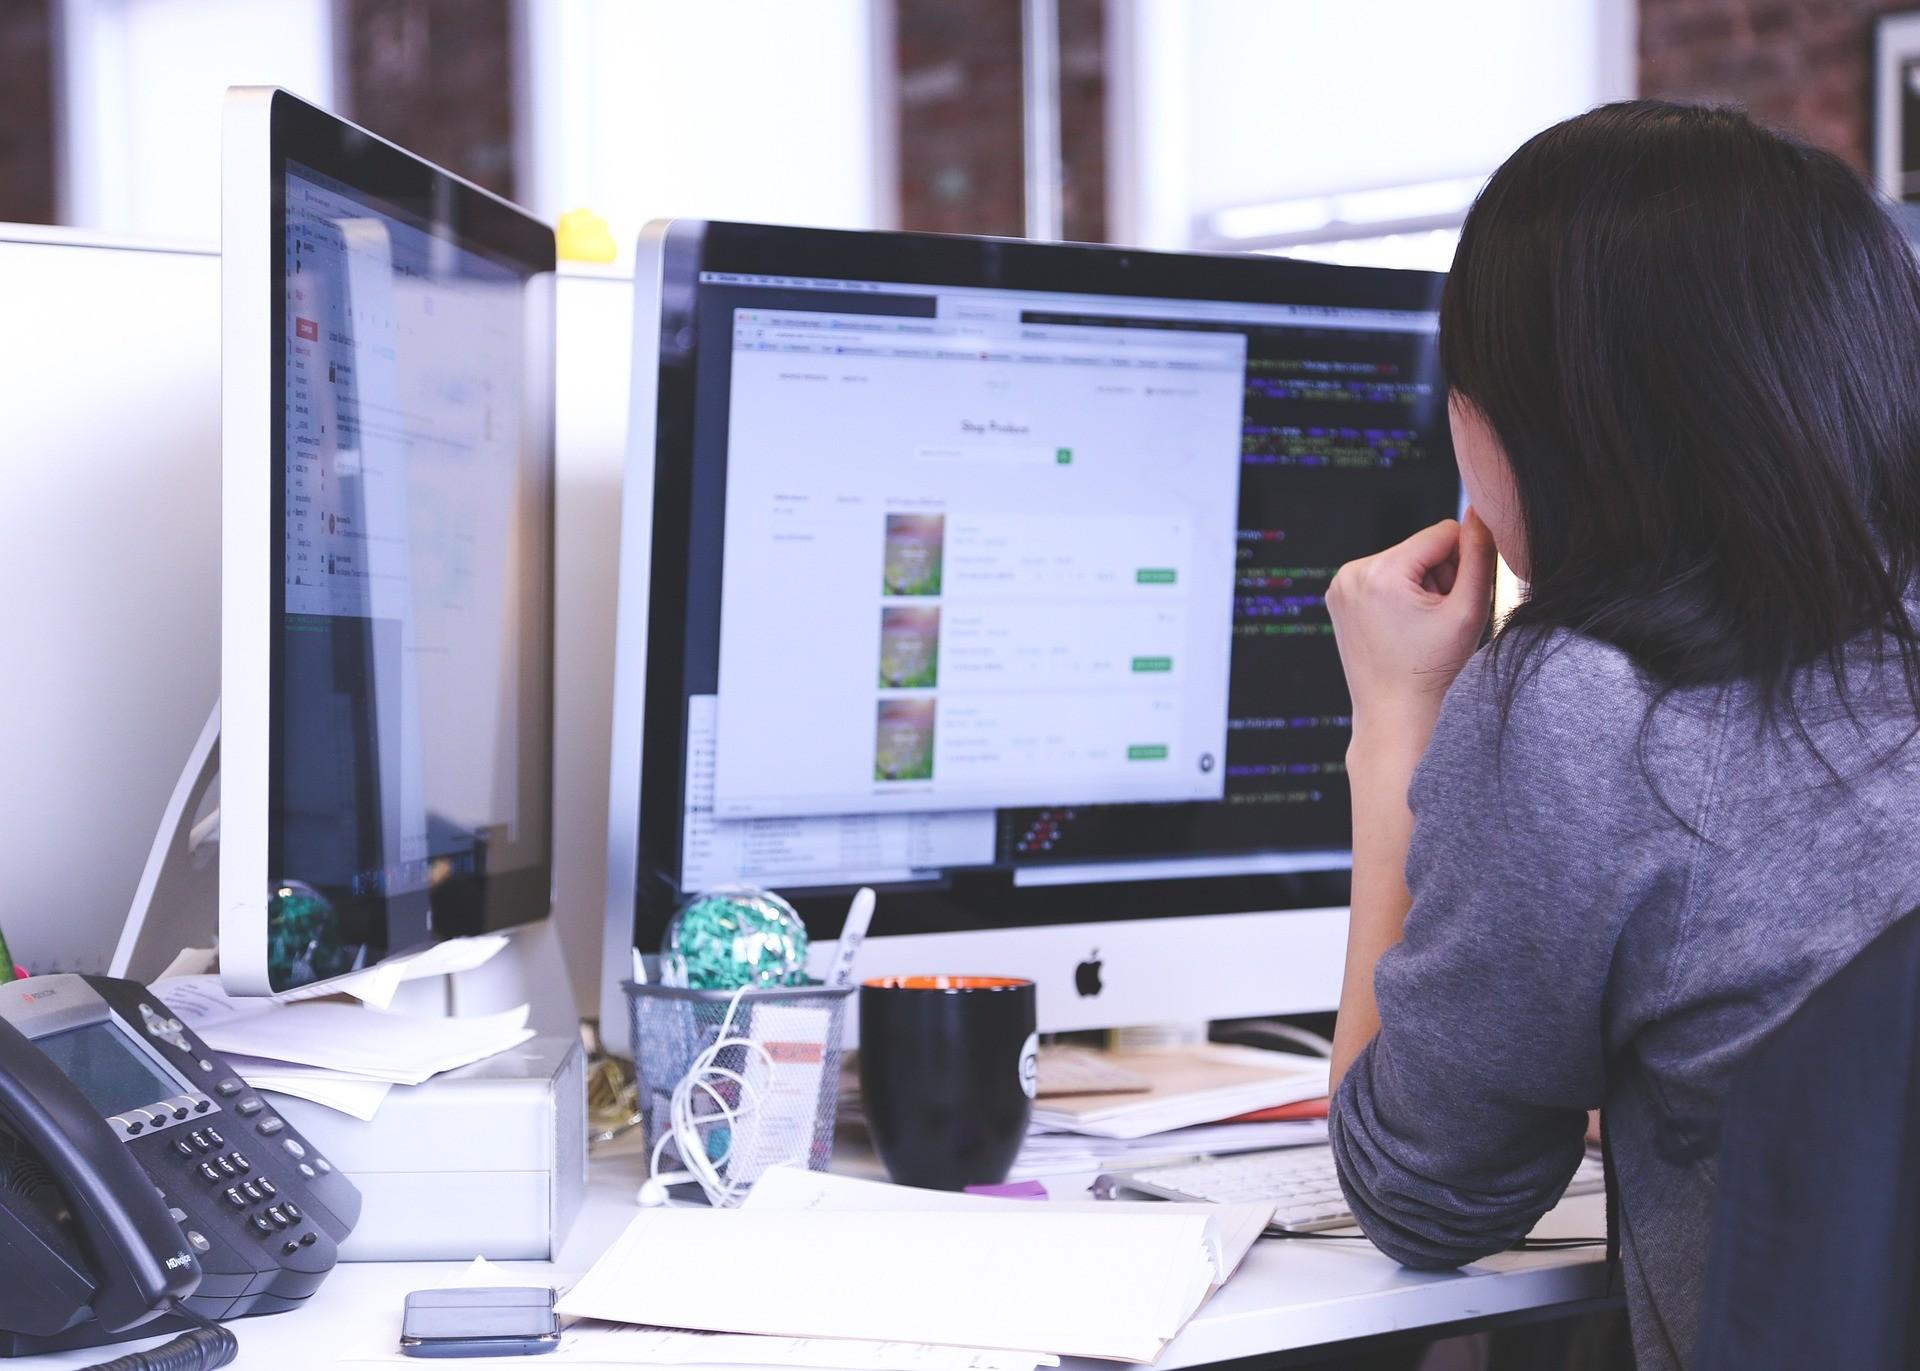 ▲學生,工程師,工作,辦公室,忙碌,電腦,上班族,OL。(圖/pixabay)
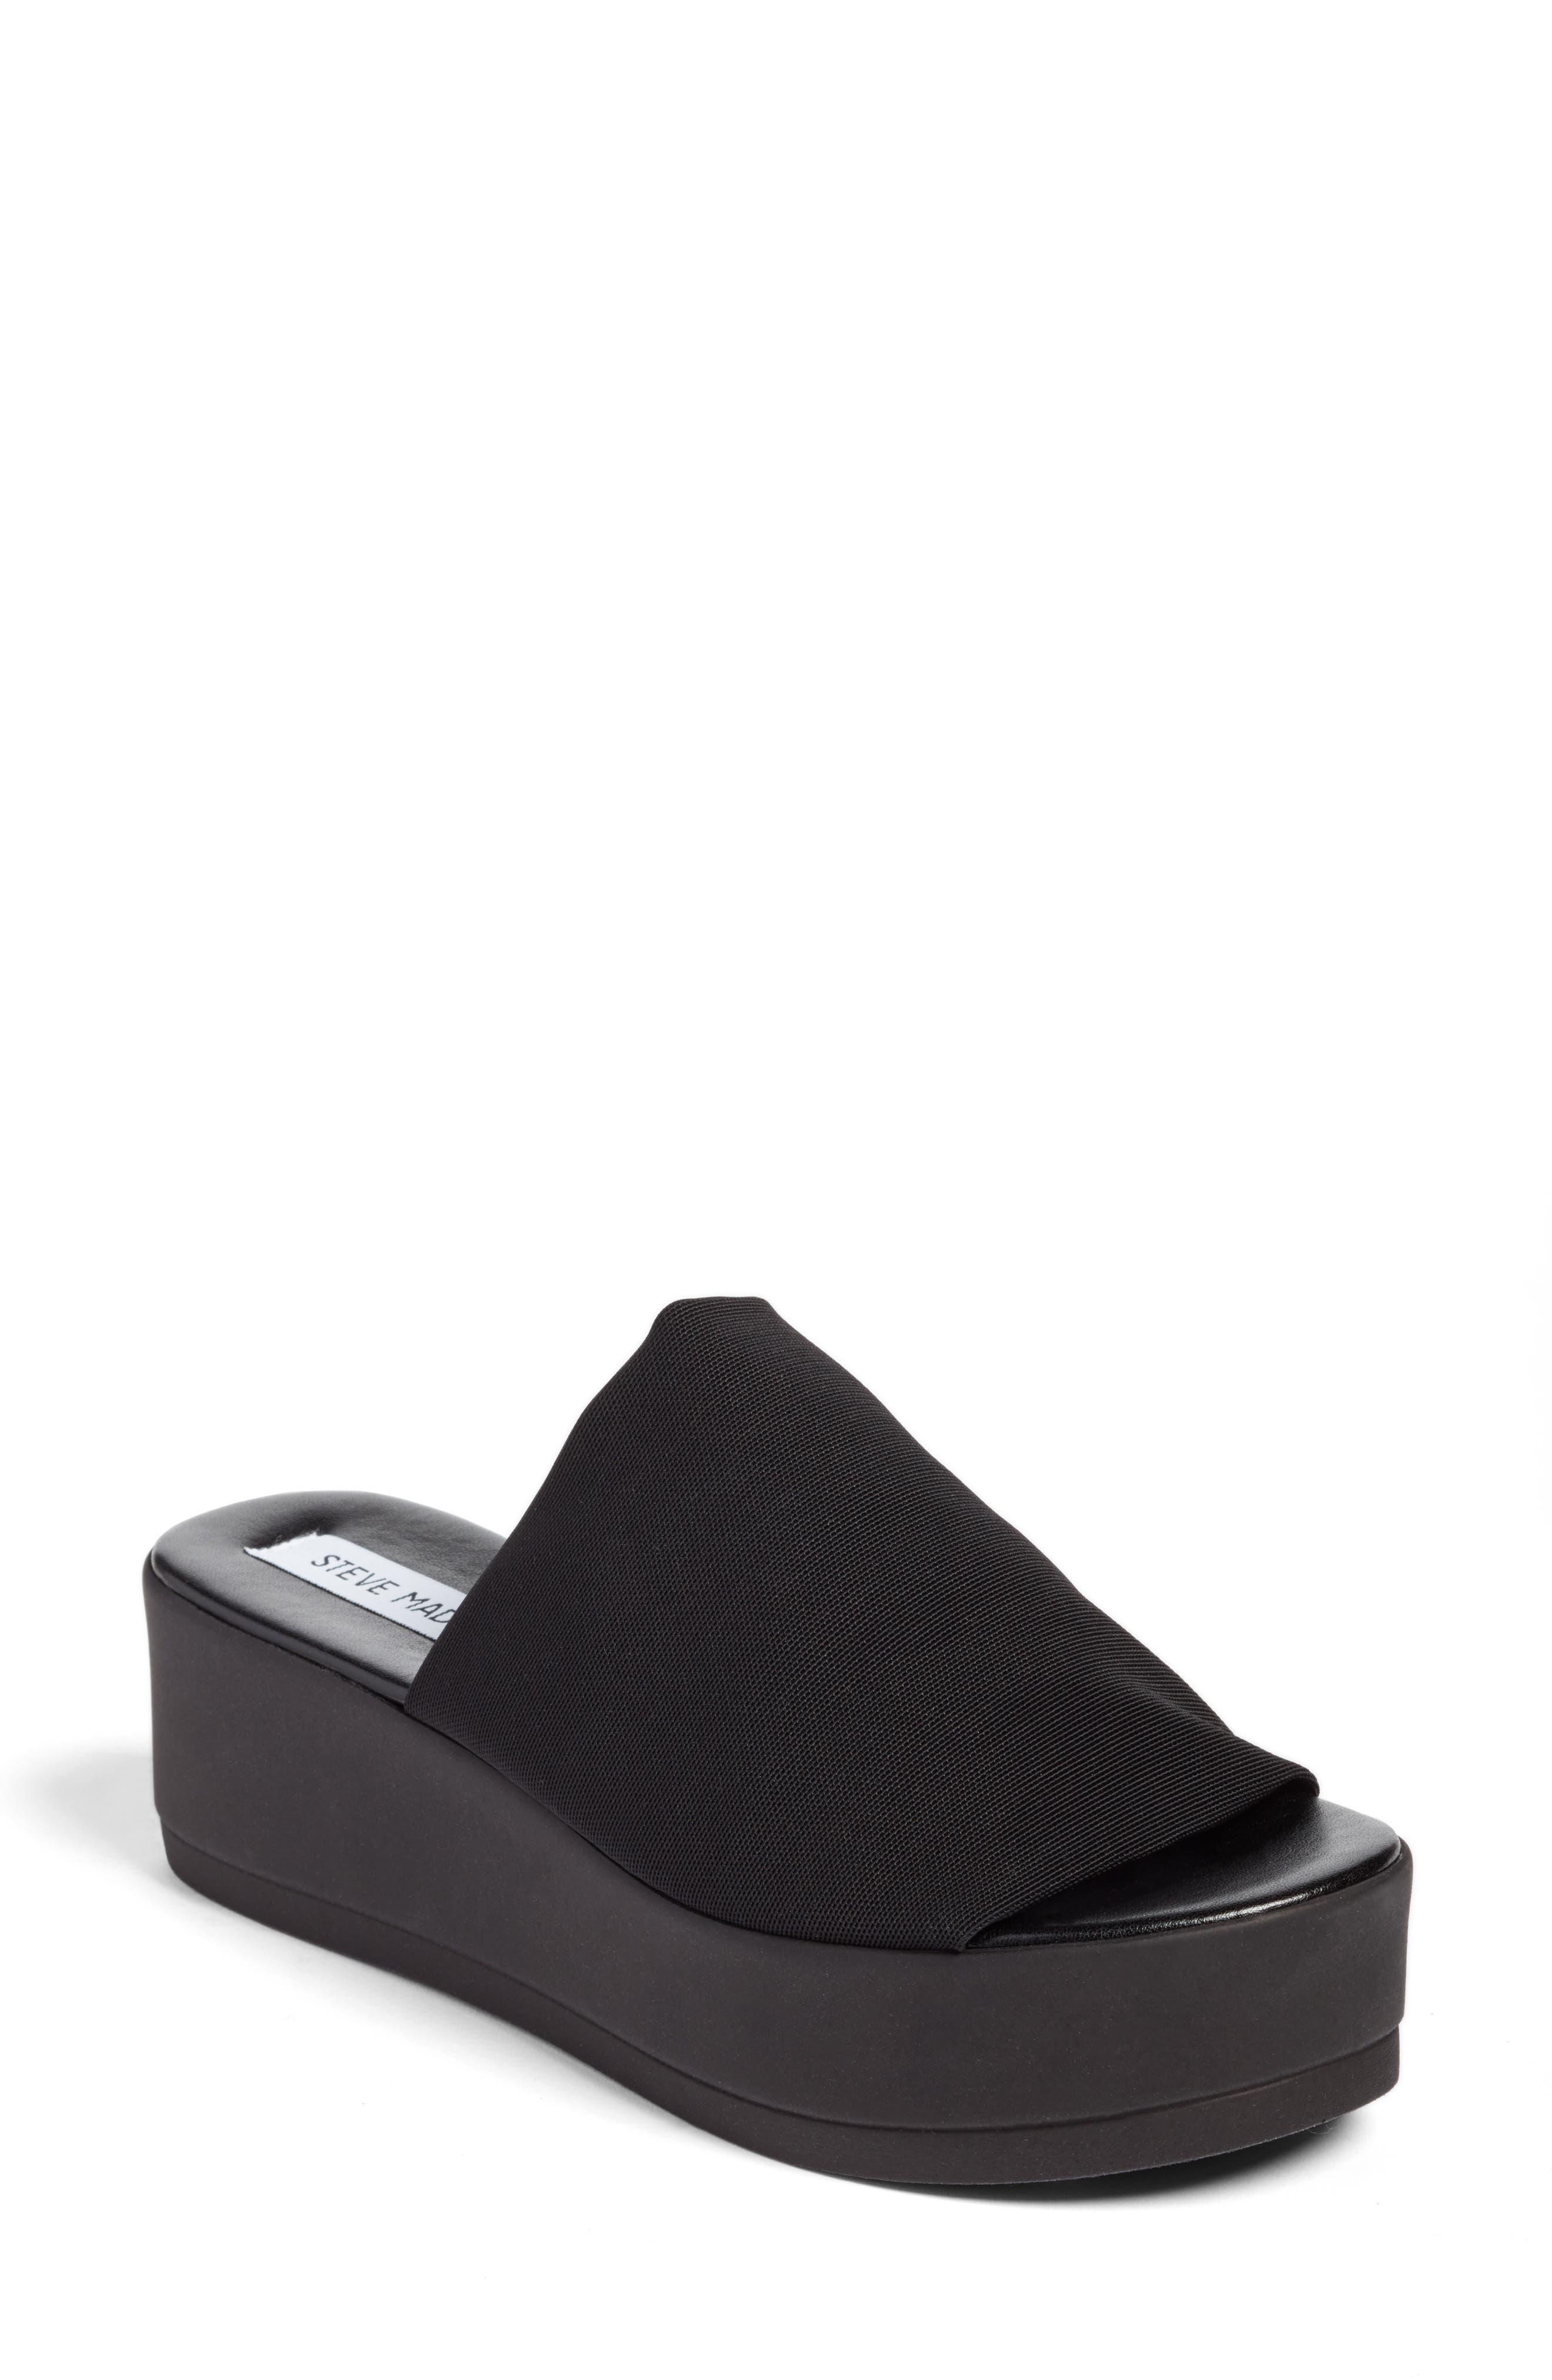 STEVE MADDEN, Slinky Platform Sandal, Main thumbnail 1, color, 001
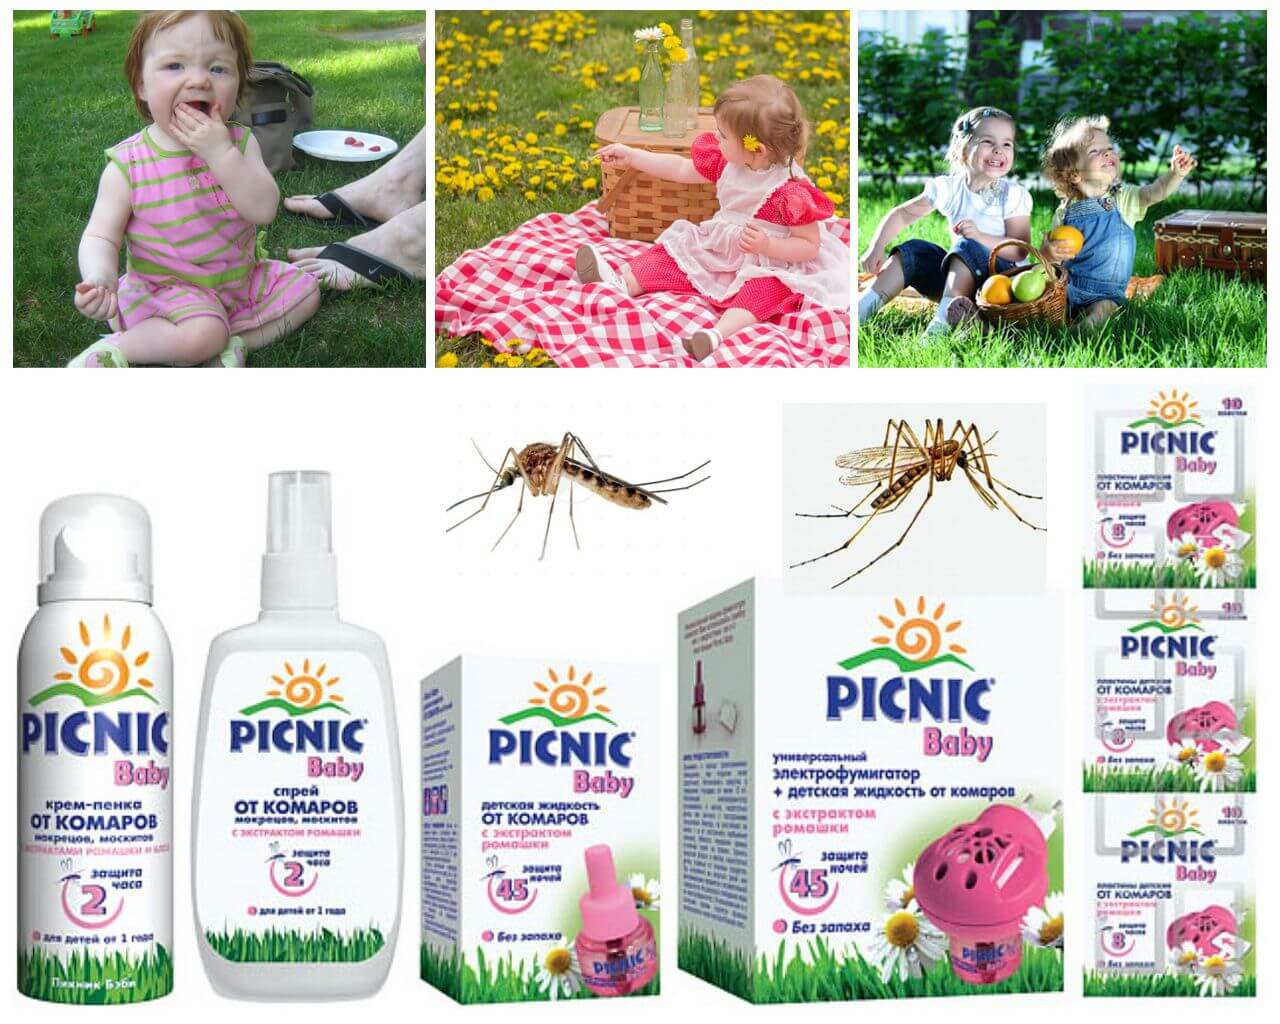 Picnic от комаров

----

(Your task) Set down the data again, exactly, without images.

(Exercise answer)
 ▲學生,工程師,工作,辦公室,忙碌,電腦,上班族,OL。(圖/pixabay)
 STEVE MADDEN, Slinky Platform Sandal, Main thumbnail 1, color, 001
 Picnic от комаров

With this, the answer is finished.